INTERVIEWEE: "Well, I don't know, I only saw a couple of them."
SPIGNESI: "My favorite is 'The Dead Zone'. Did you see that one?"
INTERVIEWEE: "Oh, yeah. It was pretty good, I guess."
SPIGNESI: "Yeah, Cronenberg really captured the novel with that one."
Seriously; he asks almost every person he interviews about the movie of "The Dead Zone." I'll grant you that it's a good movie, but Spignesi comes off as being overly obsessed with that particular line of questioning. And, just for the record, the movie really DOESN'T capture the novel; it's good, but not that good.
Most embarassing by far is the interview with author Robert R. McCammon, who scarcely even knows Stephen King personally (that was the case upon the book's publication, at least). McCammon really has very little to say on the subject of King, owning up to not having read all that many of King's novels. Primarily, Spignesi seems to have interviewed McCammon so he could ask him why McCammon's novel "Swan Song" is so similar to King's "The Stand." A truly lousy interview with an author whose work cries out to be considered in a kinder light.

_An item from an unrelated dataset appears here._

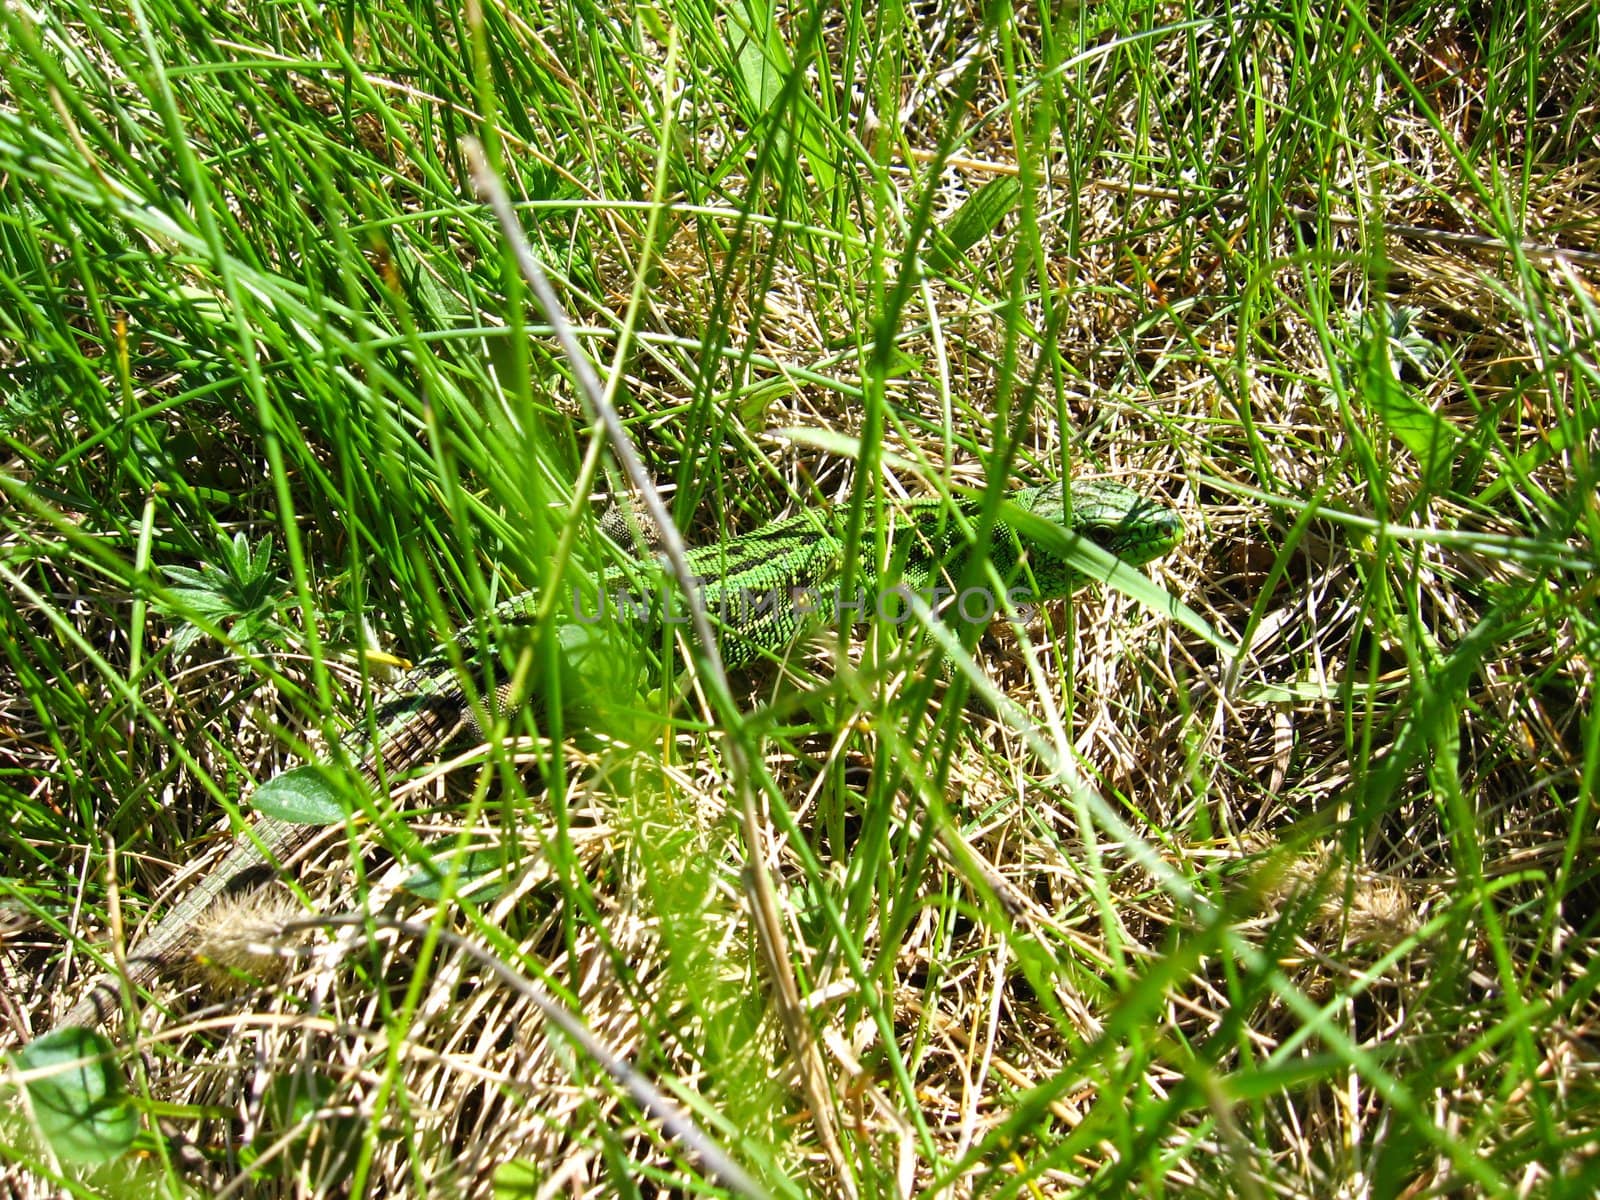 The green lizard in a green grass by alexmak

And dare I mention the several poems about Stephen King written by Spignesi and other notorious Kingophiles? They are laughably bad, and would only ever have been published in this sort of vanity project, or by someone who needed very badly to fill up some pages.
In short, this book is only for the hardest of die-hard King fans. And you guys would be better off using whatever money you would have spent on this turkey to instead buy copies of King's books to give out as presents to people who don't read him. Two stars for the thorough encyclopedia (current through about 1990); otherwise, a total dud.